Saltwater fish raised in Japan’s mountains ready to make a splash
TOKYO — High-end saltwater fish raised in landlocked Shiga Prefecture could soon be making a splash on dinner tables across the country.
A company in Kusatsu, which has developed a unique water purification system, has succeeded in raising saltwater fish without the need of frequent water changing. Fish raised in in the aquaculture system do not run the risk of becoming contaminated with poisons or infected with parasites from the sea, unlike their ocean-dwelling counterparts, and have been attracting inquiries from establishments nationwide.
Aqua Stage, the company promoting the aquaculture, was established in 2018 by Willstage, which has previously purified the water for the Imperial Palace’s outer moat as well as the pond at Byodoin Temple, a World Heritage Site in Uji, Kyoto Prefecture.
Since 2019, the company has been cultivating thousands of fish such as tiger pufferfish, eels, and flatfish in tanks set up in plastic greenhouses in the mountains of Otsu and Koka cities. Initially, the company planned to start shipping the fish to hotels and restaurants in 2020, but plummeting demand amid the outbreak of the novel coronavirus prompted the company to pursue alternative options. Currently, Aqua Stage is only shipping their fish to shareholder restaurants on a trial basis and is aiming to cultivate more in-demand species.

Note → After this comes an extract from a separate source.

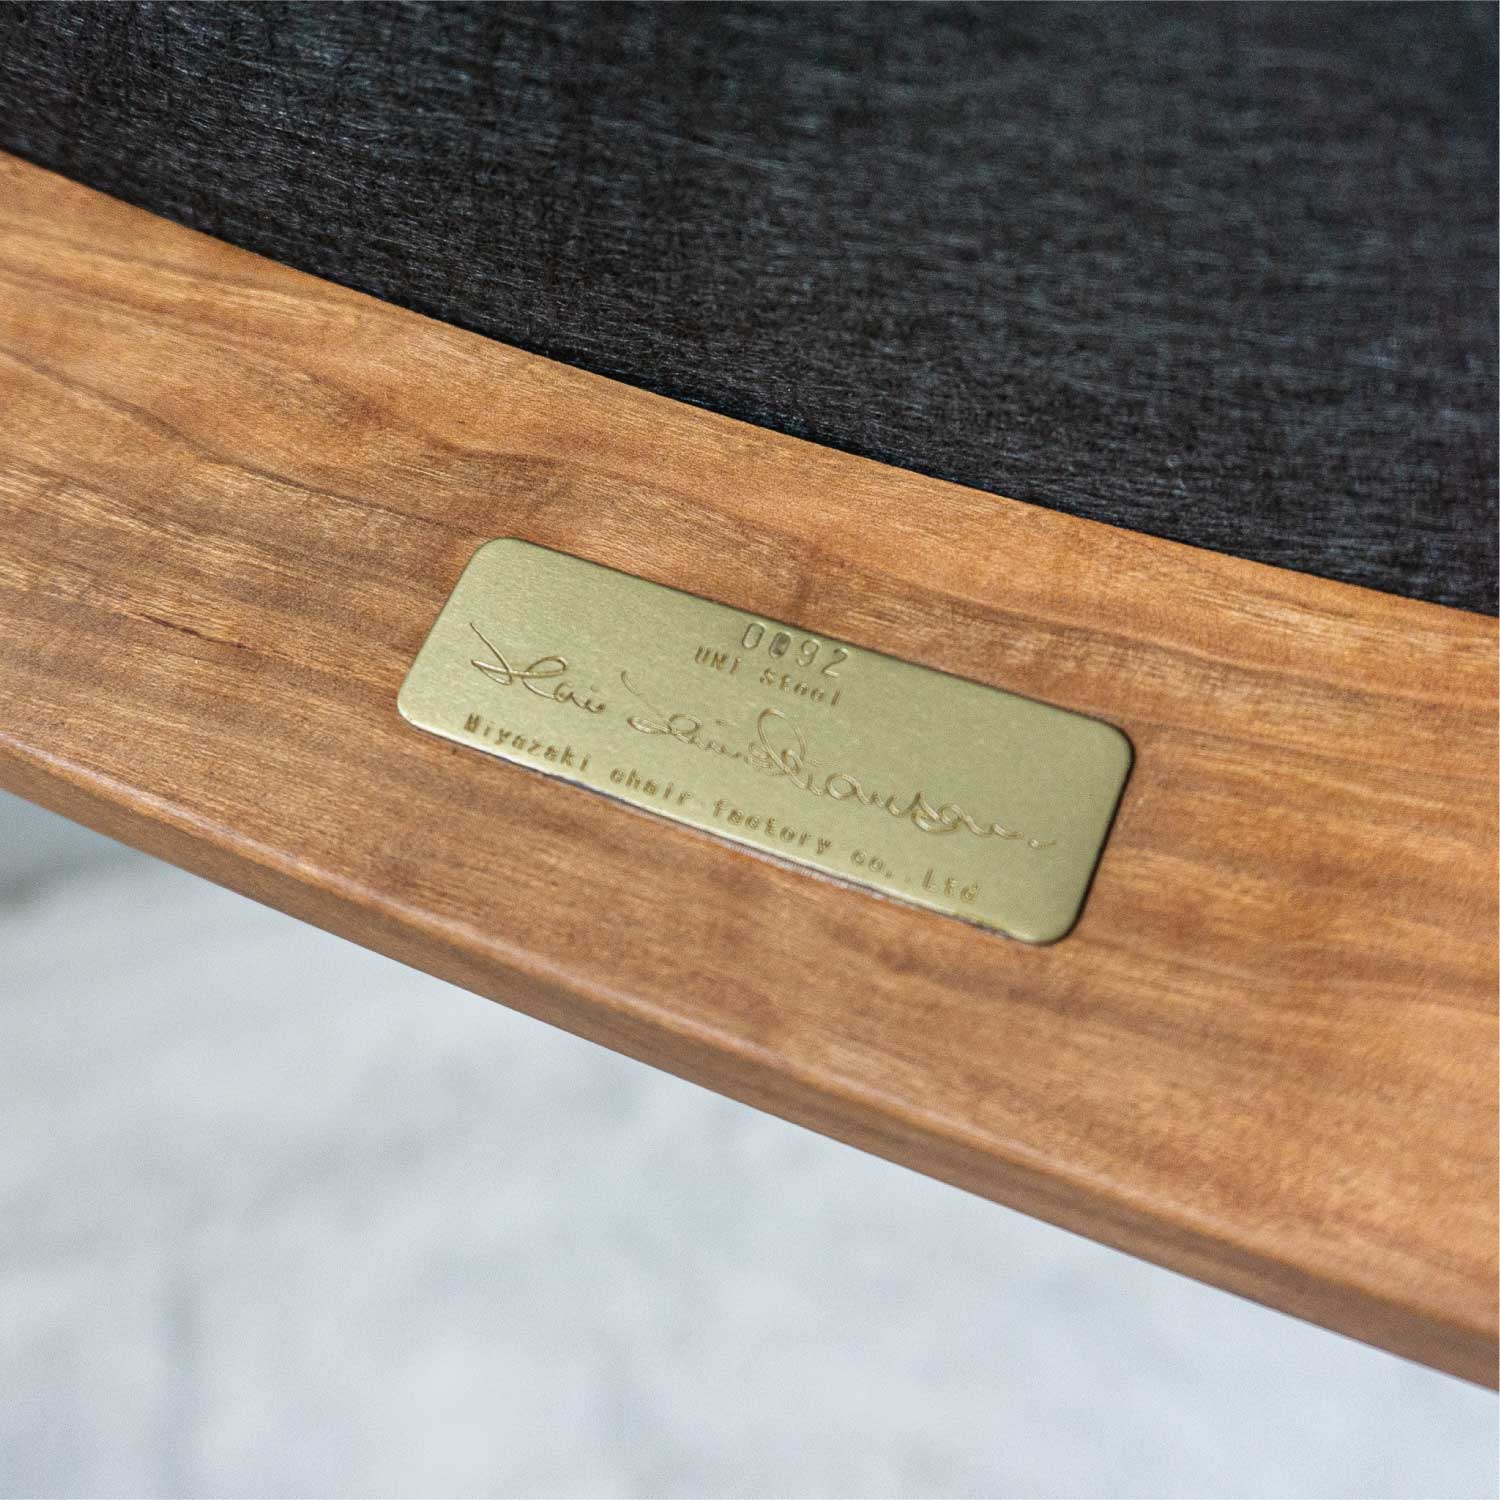 カイ・クリスチャンセン氏デザインの家具には、本人デザインの製造ナンバープレートが貼られています。

As part of their pivot, the company last spring filled 15 water tanks each measuring 4.5 meters long, 2.2 meters wide, and 85 centimeters high with artificial seawater in a classroom at a former Koka elementary school building, and started cultivating thread-sail filefish for the first time in addition to tiger pufferfish.
According to Aqua Stage, natural tiger pufferfish eat shellfish and algae in the sea, which results in the accumulation of poisonous substances in their bodies. With their cultivation method, however, fish do not amass such poisons. They also said parasite infections do not occur with their system as water quality is controlled with artificial seawater.

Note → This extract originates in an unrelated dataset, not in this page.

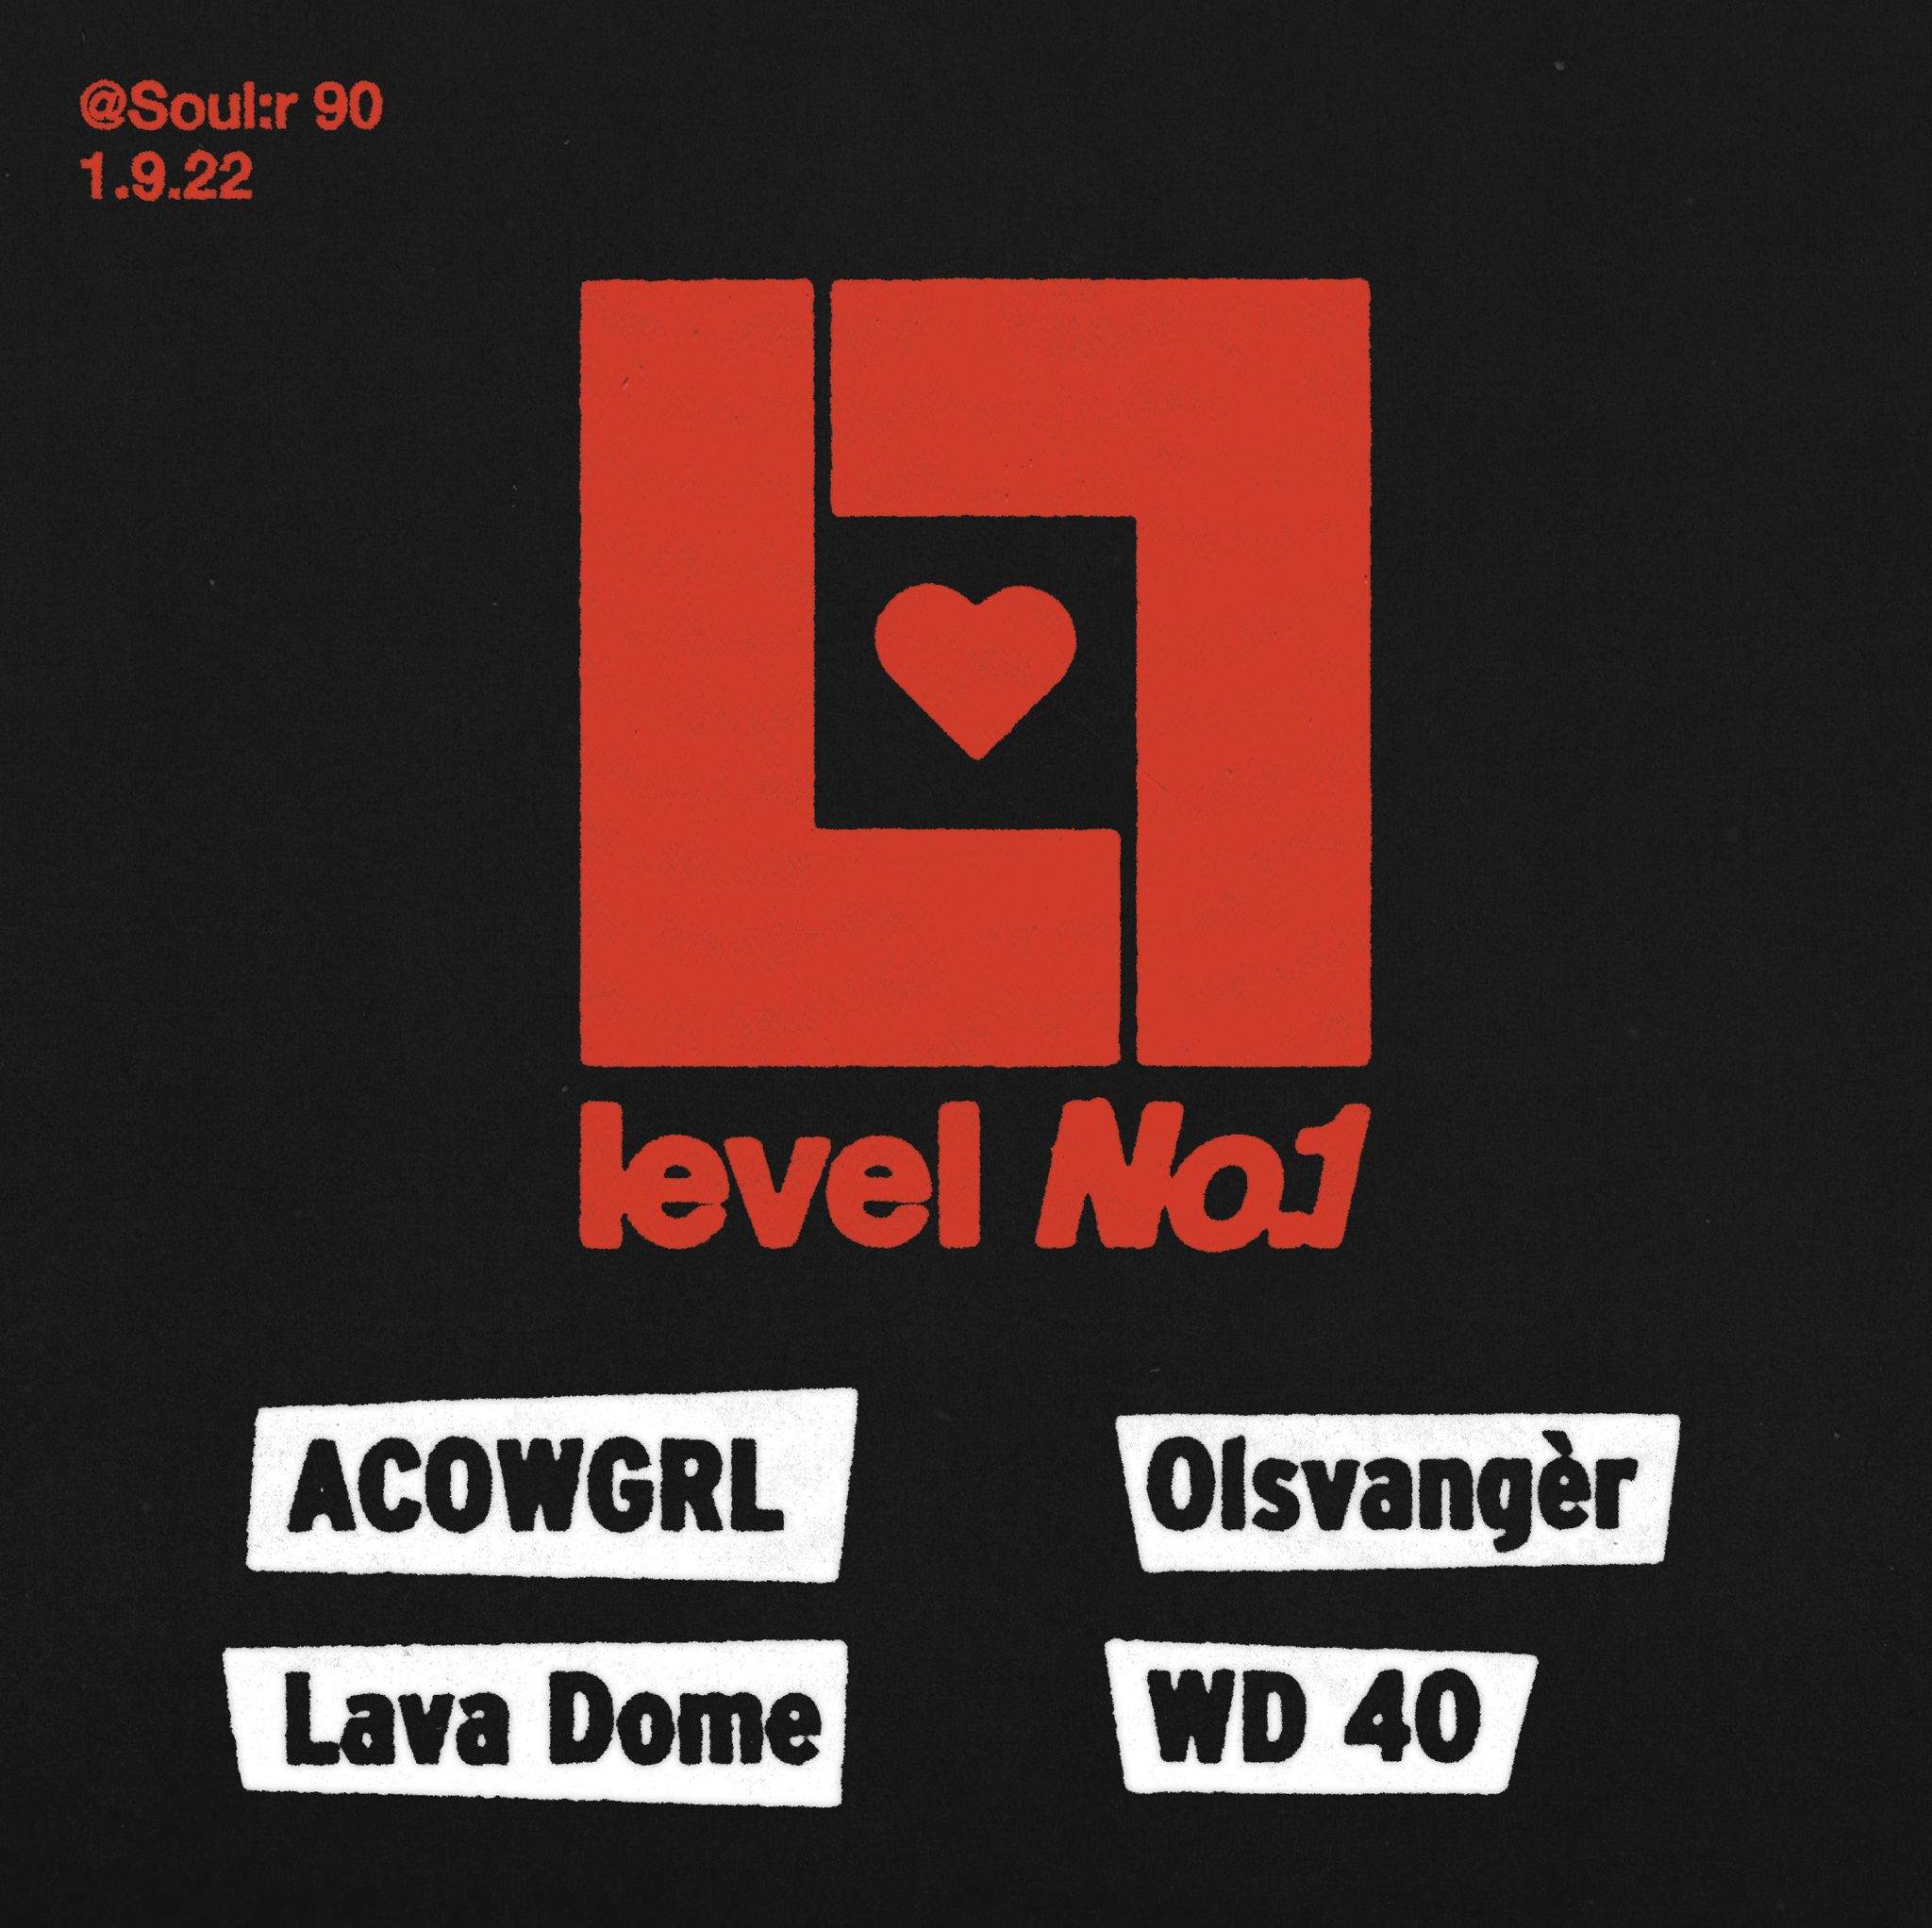 Level no.1 - Página frontal

In response to these efforts, they have received dozens of inquiries from companies, local governments and fishing cooperatives across the country asking about business tie-up opportunities.
In December last year, local residents were invited to a fish farm in Koka, where they were shown saltwater specimens that included 50-centimeter long flatfish, tiger pufferfish about 30 centimeters long, and freshly hatched thread-sail filefish swimming gracefully in a tank.
“In the future, we would like to try our hand at [raising] sea urchins, hamaguri clams and other fish,” Hiroshi Otani, 54, president of the company, said. “While we are being driven into a corner by the pandemic, we are now in an era where food safety is more important than ever, so I want to carefully assess the situation and make the most of the value of fish and technology.”
Unlike aquaculture conducted on the surface of the sea, which can be difficult for newcomers to enter because of fishing rights regulations, the business of cultivating marine products on land has many advantages, such as not being affected by red tides and other aspects of the ocean’s natural environment.
As a result, land-based methods of raising saltwater fish have been spreading throughout the country with the participation of companies across a wide range of industries.